I'm puzzled about what the underlying source of these requests could be. I'm pretty sure that it's common to have CSS <link>s with the href to the CSS stylesheet not as the last (quoted) attribute, so any browser or browser-like thing that mis-parsed <link>s this way wouldn't work on a wide variety of sites, not just me. The obvious suspicion is that whatever is making the request doesn't actually care about the CSS and doesn't use it, making the bad parsing and subsequent request failure unimportant, but as mentioned the IPs making these requests don't show any signs of being up to anything bad.
The good news (if these are real people with real browsers) is that WanderingThoughts mostly doesn't depend on its CSS stylesheet. A completely unstyled version looks almost the same as the usual one (which is also good for people reading entries in a syndication feed reader).

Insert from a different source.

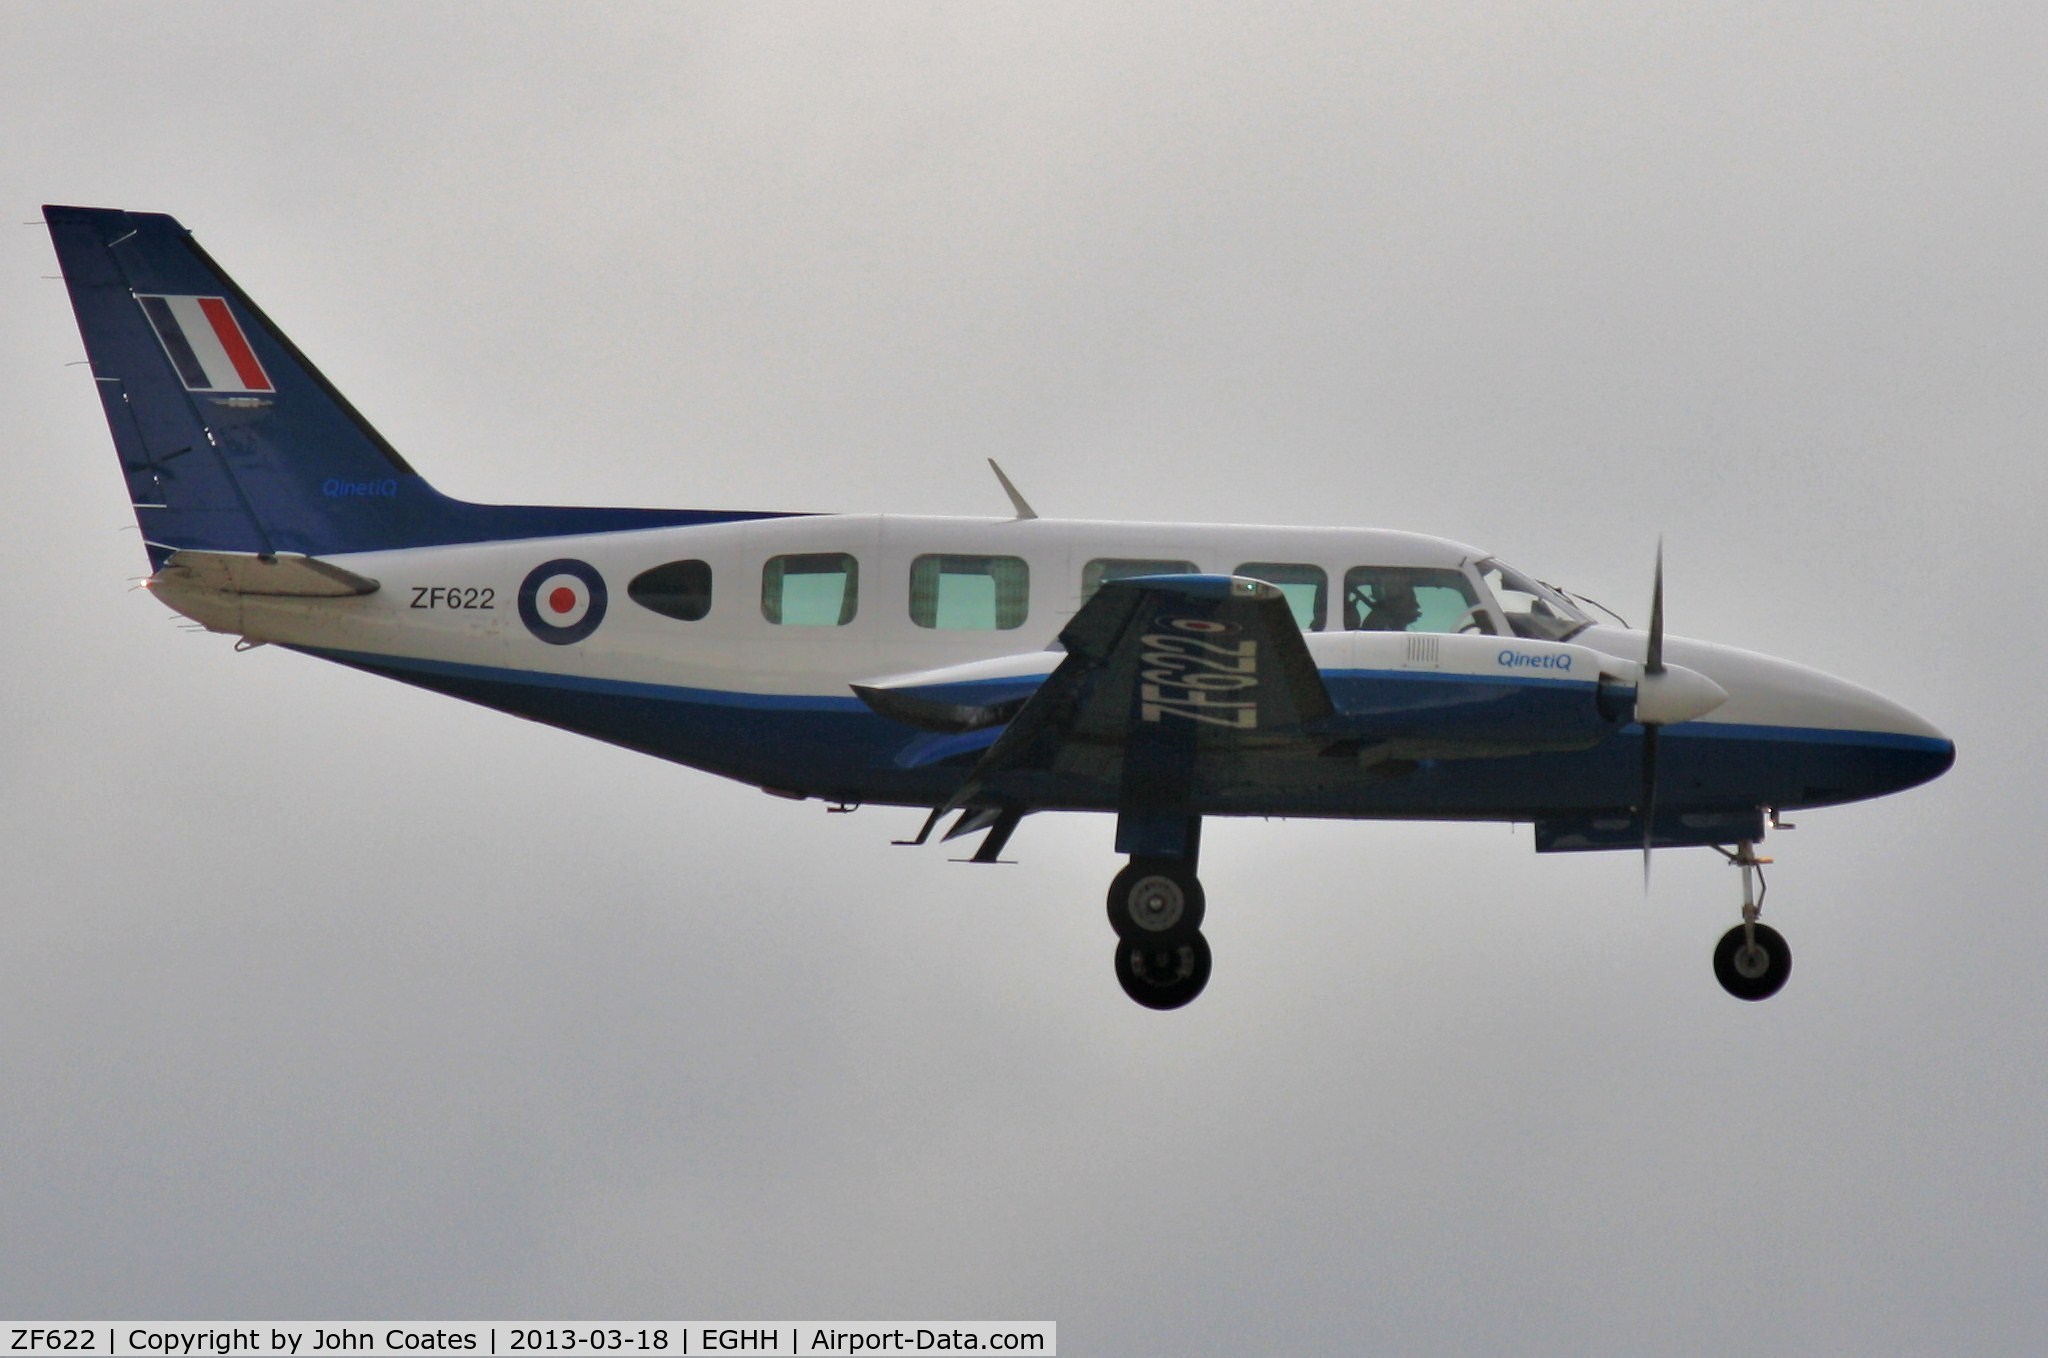 ZF622, 1980 Piper PA-31-350 Navajo Chieftain C/N 31-8052033, Training from Boscombe Down

Sidebar: A little more detail on the sources
I saw these requests from several IPs (although at different activity levels); at least one of the IPs was a residential cablemodem IP. They had several different user-agents, including at least:
Mozilla/5.0 (Linux; Android 8.1.0; Mi A2 Build/OPM1.171019.011; wv) AppleWebKit/537.36 (KHTML, like Gecko) Version/4.0 Chrome/68.0.3440.91 Mobile Safari/537.36
Mozilla/5.0 (Linux; Android 9; SM-N960F Build/PPR1.180610.011; wv) AppleWebKit/537.36 (KHTML, like Gecko) Version/4.0 Chrome/76.0.3809.132 Mobile Safari/537.36
Mozilla/5.0 (X11; Linux x86_64) AppleWebKit/537.36 (KHTML, like Gecko) Version/4.0 Chrome/61.0.3163.98 Safari/537.36
(Of course all of this could be coming from a real browser that just cloaks its user-agent string to foil fingerprinting and tracking.)
I haven't tried to trawl my server logs to see if these particular user agents show up somewhere else.